27.  Here's the GLODAP salinity data.
28.  And here's the WOD salinity data.  The biggest differences are in the very large area of lower salinities at depths less than 1000 m, as well as a general "scattering" at all depths.
29.  Using the cursor to investigate individual low values in the area, it should be noted that many of them are "spike" low values in profiles that otherwise seem ok.
30.  Here's the silicate data from GLODAP (chosen as an example of the ordinary main nutrients).
31.  And here's the WOD silicate data.  Of note is the large amount of high values above 1000 m.
32.  Checking in this area with the cursor, you'll find a number of stations that appear to provide uniformly high profile values, rather than single erratic points.  These profiles are both deep and shallow, it's not just a coastal-versus-deep issue.
33.  Here's the GLODAP oxygen data.
34.  And here's the WOD oxygen.  The same general patterns, with lots of scatter, both deep and shallow.
35.  Checking some of the obviously questionable values with the cursor reveals one or just a few deep stations in profiles that otherwise appear normal.
36.  And so it goes.  You can compare values from all the different variable found in GLODAP with the WOD, with a view toward identifying some trends in apparent differences.
37.  Now, with the cursor still on that apparently bad value in Panel 35, take a look at the station/sample information window on the right side of the ODV screen.

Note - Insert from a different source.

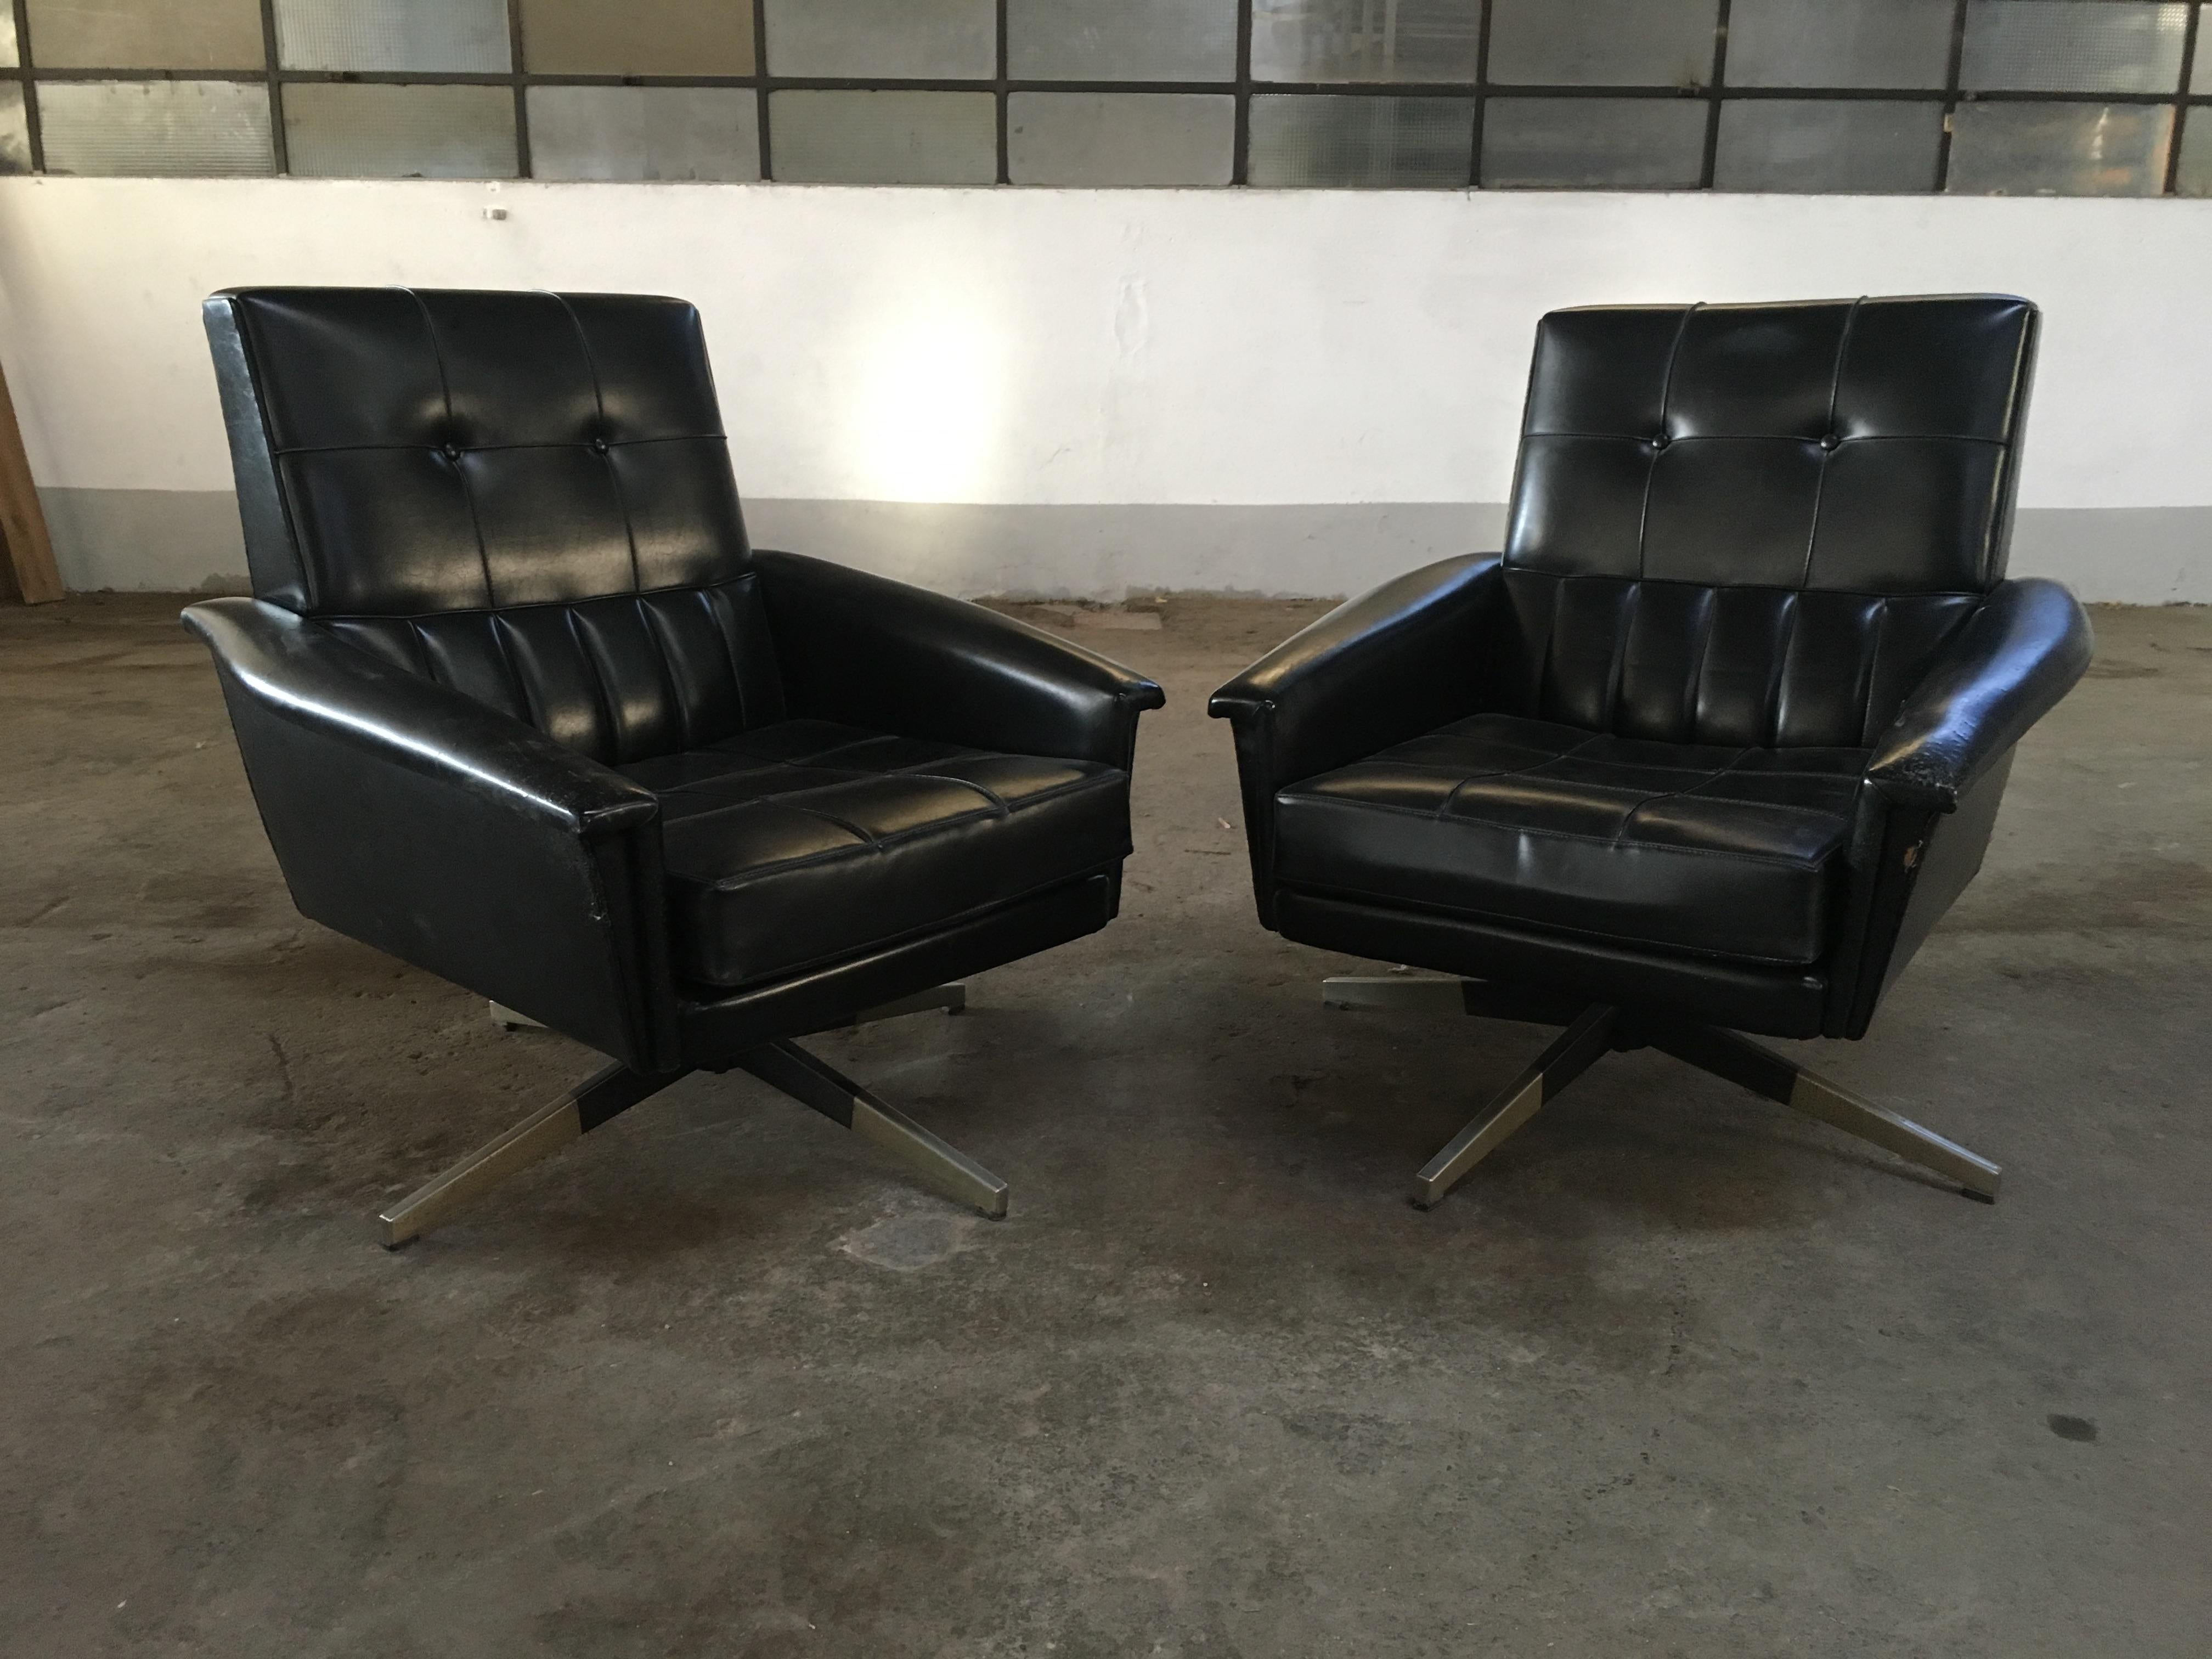 Mid-Century Modern pair of Italian revolving office armchairs in black faux leather with brass legs, 1960s.
The armchairs show some wear due to age and use. They are in general good vintage conditions.

The bad value of 3.68 ml/l is at depth 2975, and recall that the two value immediately above it also looked bad.

38.  Right-click on the oxygen value, and select EDIT DATA.
39.  This EDIT DATA window opens.  Block the bad values (2875 m, 2755 m and 2400 m).


40.  Set the value to 3, and click OK
41.  Check to see that the flag was changed for all 3 bad values.

Then click OK.

42.  The points are still visible.
43.  Right-click on the graphic and select REDRAW.
44.  The newly-identified bad points are not shown now (due to our quality settings in SAMPLE SELECTION CRITERIA).
45.  This introduces a general method to investigate quality in a new collection, and how to flag data points that don't appear to be good, or are at least questionable.  You should investigate other possible "benchmark" datasets for use in the same way.